About 6 years ago when I was a Fly Fishing Newbie I attended their Fly Fishing and their Fly Tying classes. (Orvis in Austin) Both were very worth while and I sensed no attempt to push Orvis equipment. That said though, they do have quality equipment.


----------



## Gumbeaux (Jun 13, 2014)

I just did the 101 class and it was pretty good. If you've never done it at all, I would recommend watching a couple of videos to get an idea before you go. We ended up with 6 students per instructor (18 total in the class) and those that had no idea what to do kind of struggled. Having a basic idea, the instructors were really good at telling me how to fine tune what I was doing.

We casted for about 90 minutes. The last 90 minutes was discussing basic flies, equipment basics, and knots. He did about 5 minutes worth of "Orvis" pitch throughout the entire thing. Wasn't bad at all. You do get some good coupons and discounts when you go.
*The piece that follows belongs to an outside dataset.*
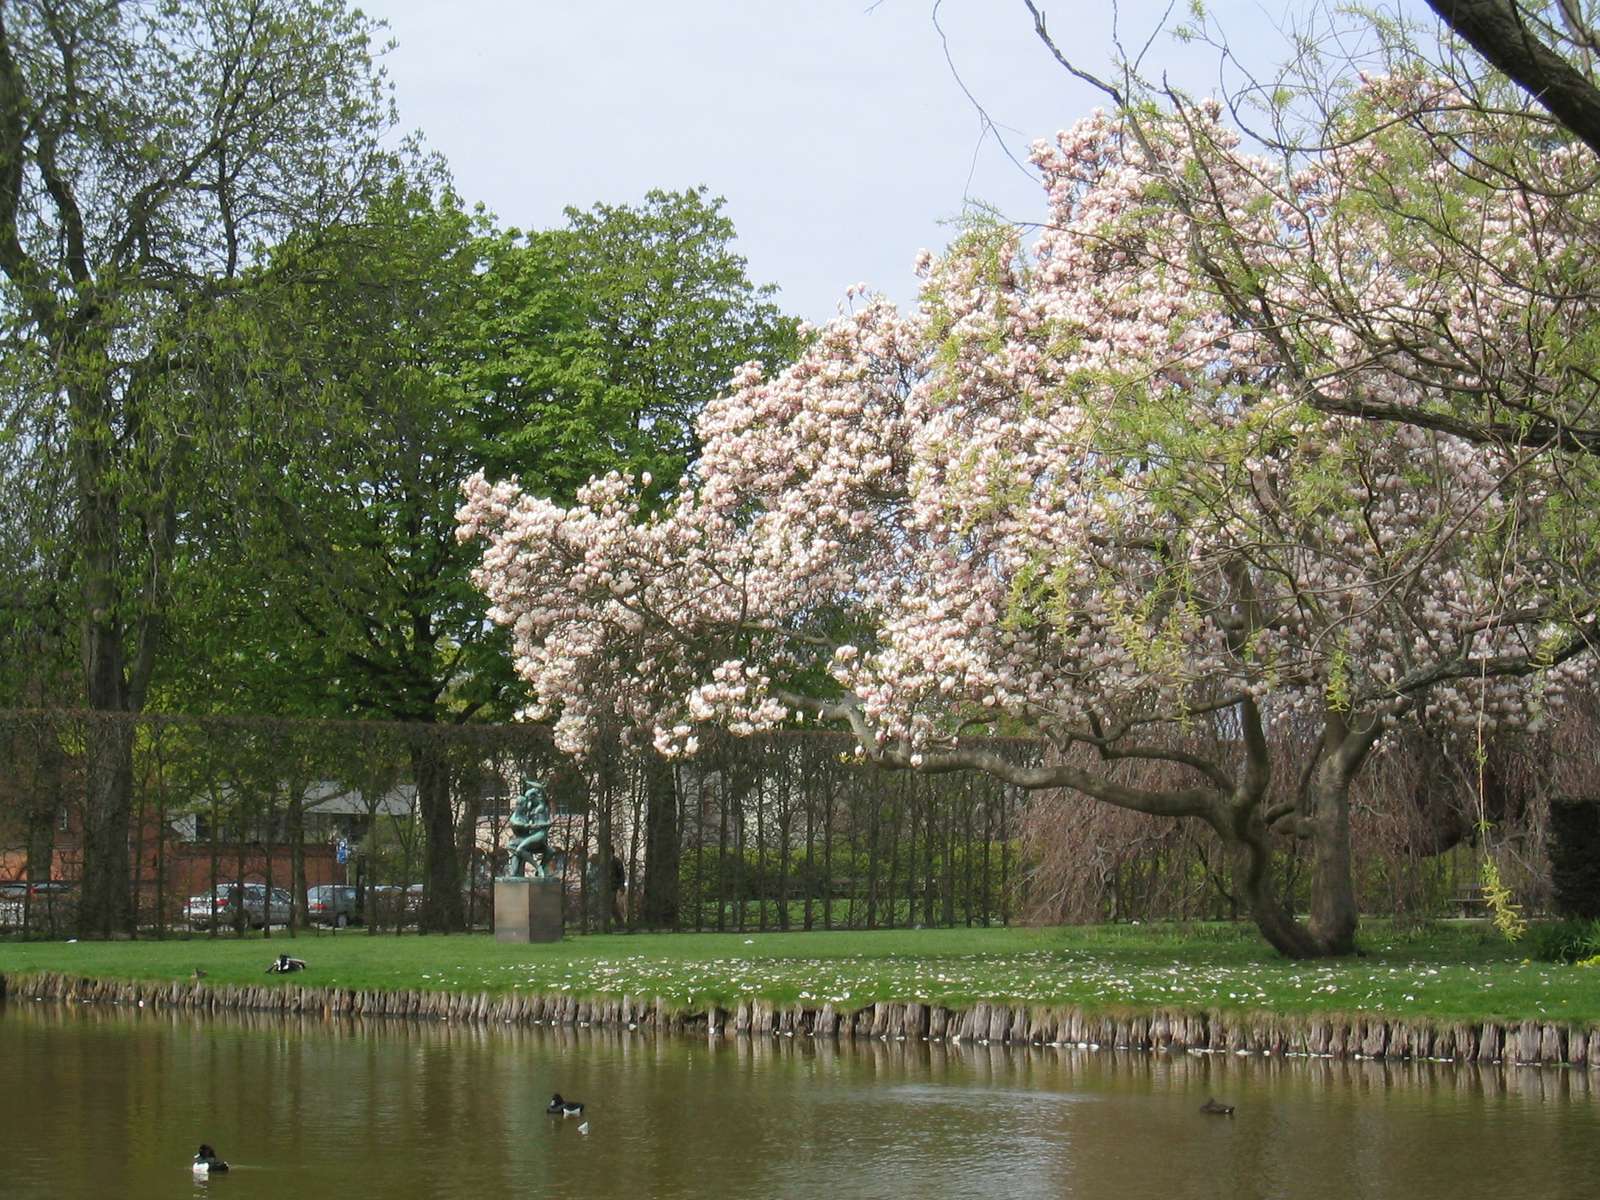 ducks in the park magnolia

I did buy one of their low end fly set ups (a Clearwater) but that's all I own of their fly fishing equipment. Everything else they sell is top notch and the warranty and customer service can't be beat. I've already started eyeing a Recon or an H2, just have to force myself to get some more time in with this one to make sure I'm going to keep liking it.


----------



## tickfarm (May 11, 2006)

Went to the 101 class in Austin about 3 weeks ago. 3 hours well spent. The class was 12 students with three teachers. Mine spent about 15 minutes with me. He got me away from the chicken wing flinging to a more comfortable cast. They have discount coupons and some free stuff. The 201 class at Bull Creek is in 2 weeks, but it maybe a parking lot class because of the water.


----------



## vw4fun (May 5, 2009)

Just attended the Orvis 101 class in Houston this morning. Five students were in our group. The instructors were great and didn't pressure anyone on sales. This morning was my first time to touch a fly rod. Watched many videos on YT prior to attending the class and felt that helped a lot. 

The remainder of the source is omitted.